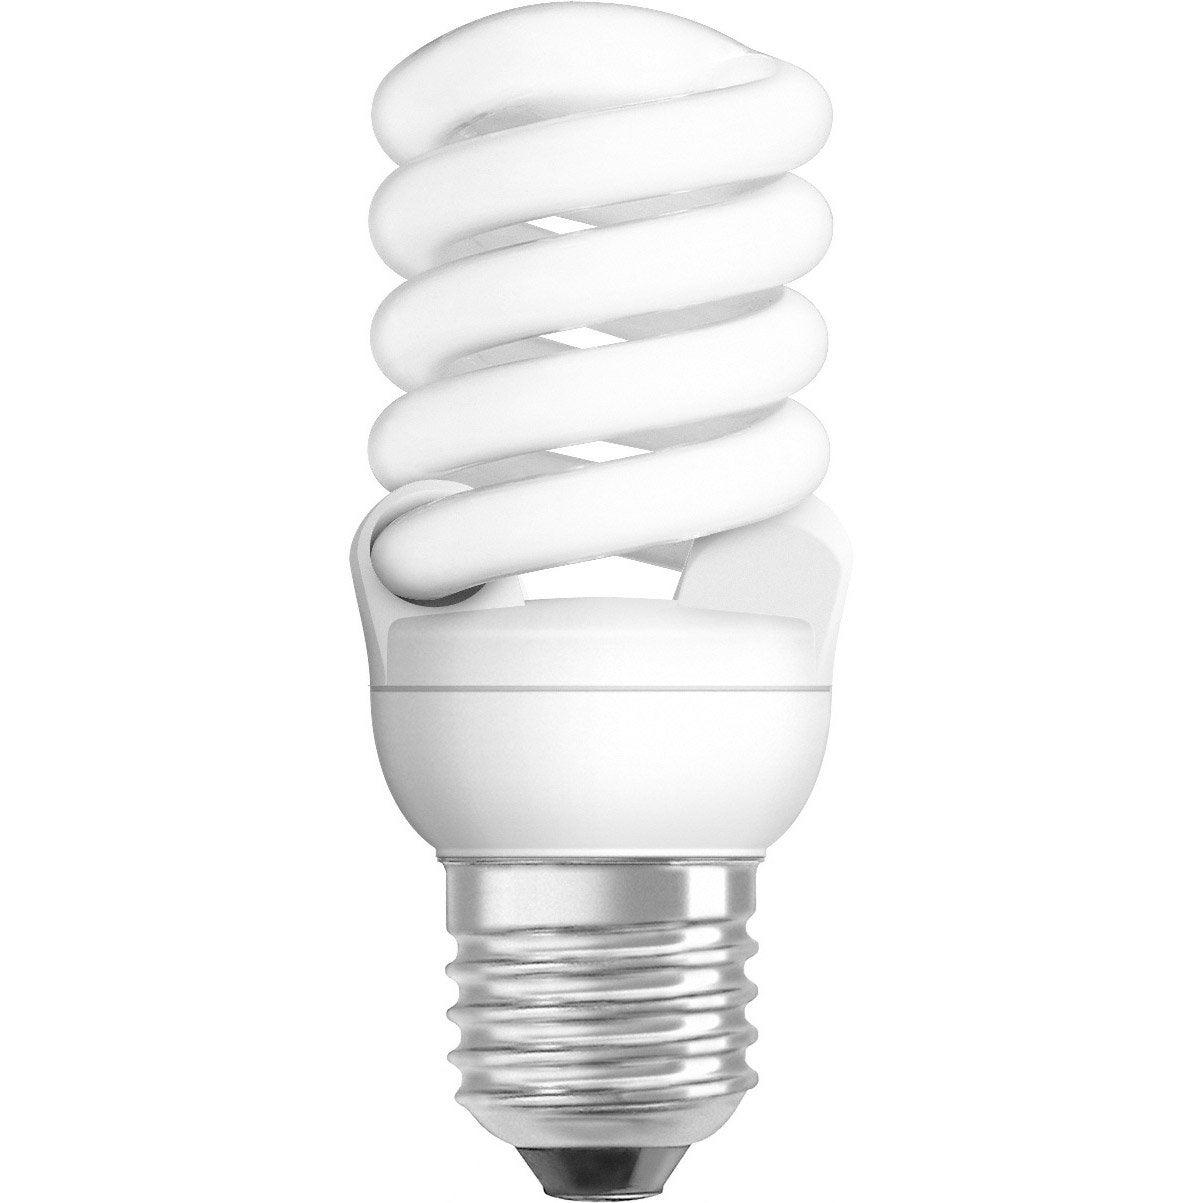 ampoule spirale conomie d 39 nergie 14w osram e27 lumi re. Black Bedroom Furniture Sets. Home Design Ideas
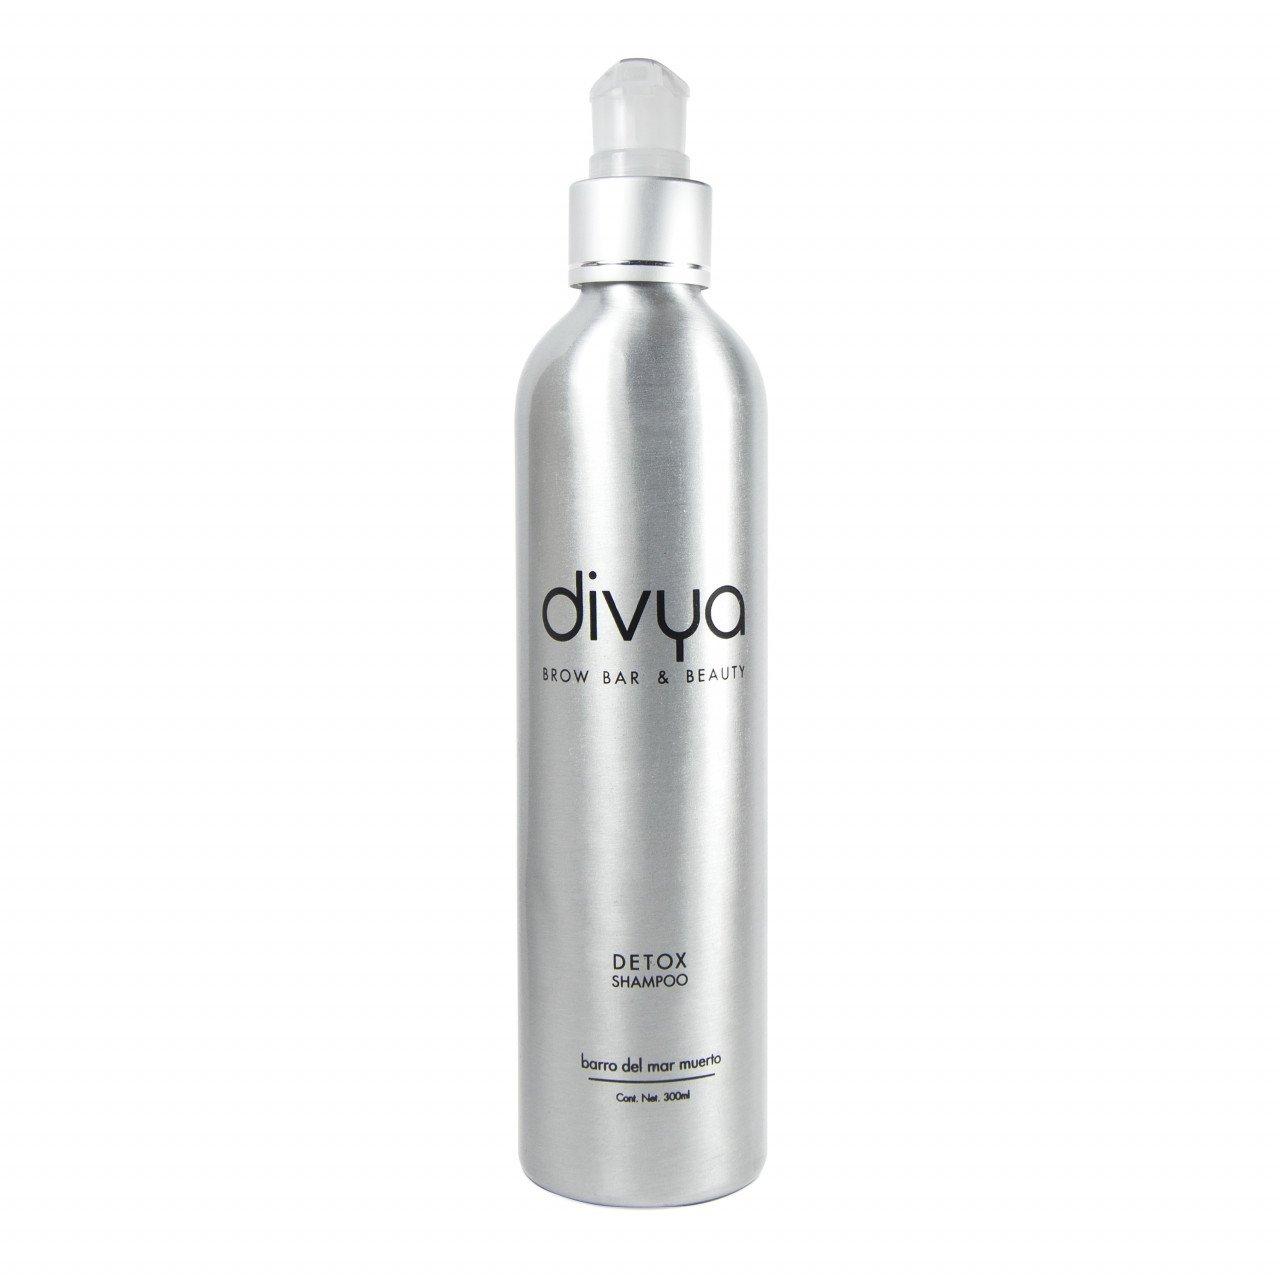 Shampoo Detox&w=900&h=900&fit=crop
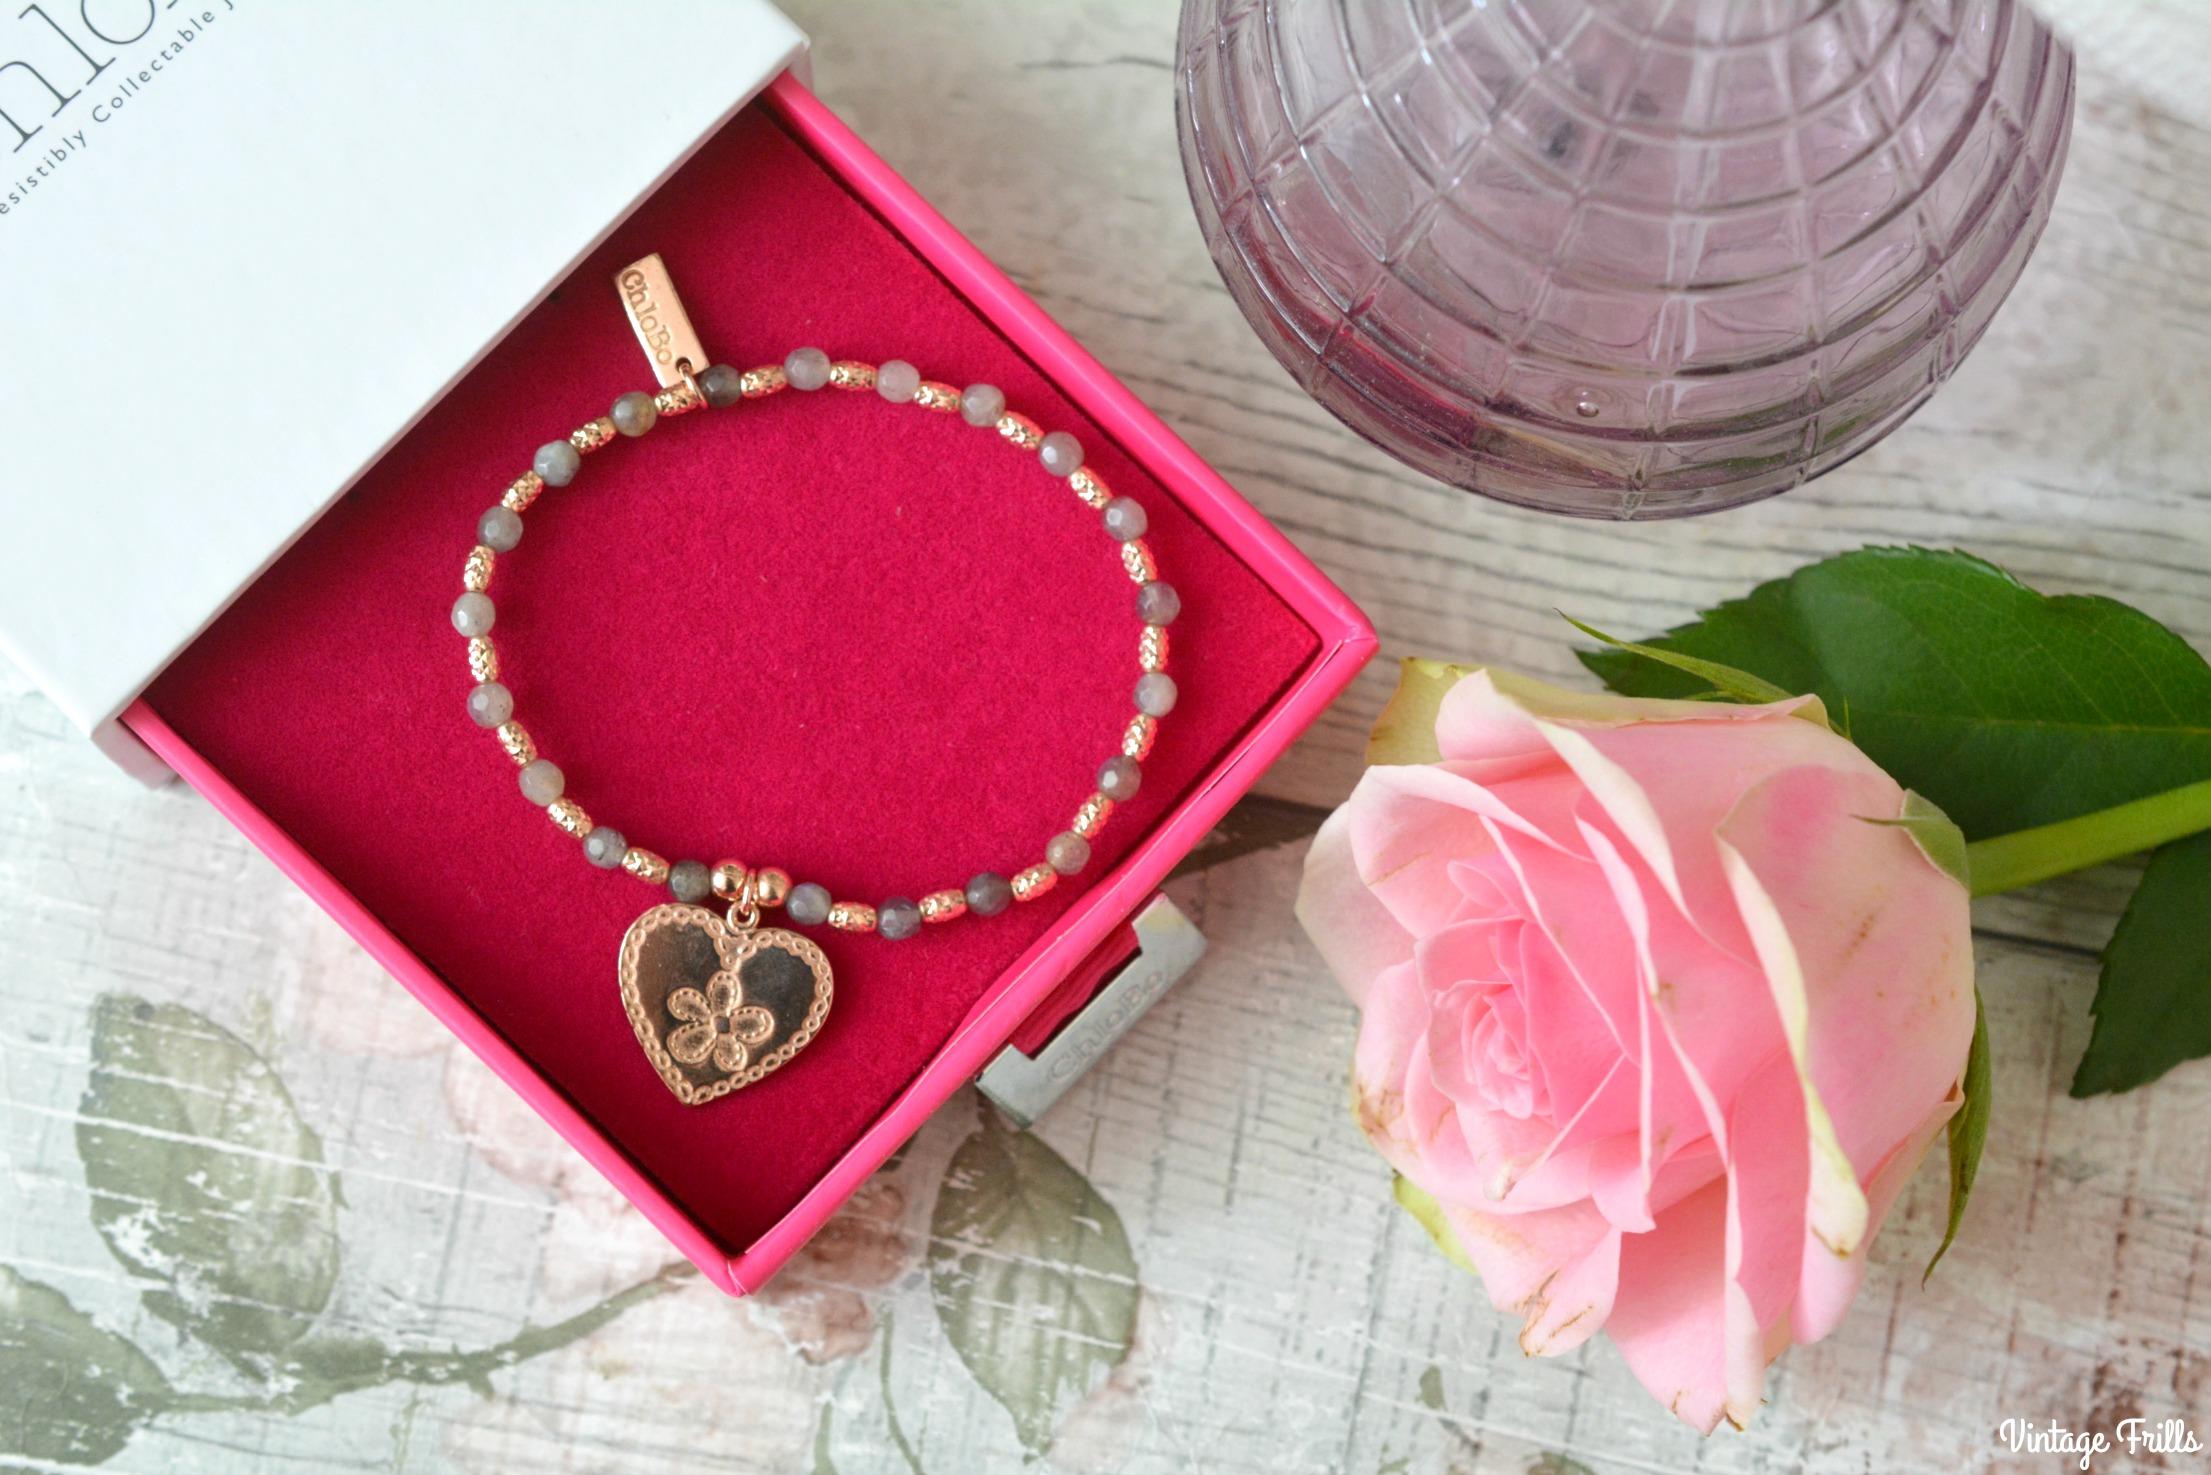 A Charming New Bracelet

Task brief: Copy verbatim the span that begins at the line containing "Shampoo Detox&w=900&h=900&fit=crop" and ends at the last line of the material, inclusive of both; exclude pictures.

Completed task:
 Shampoo Detox&w=900&h=900&fit=crop
 A Charming New Bracelet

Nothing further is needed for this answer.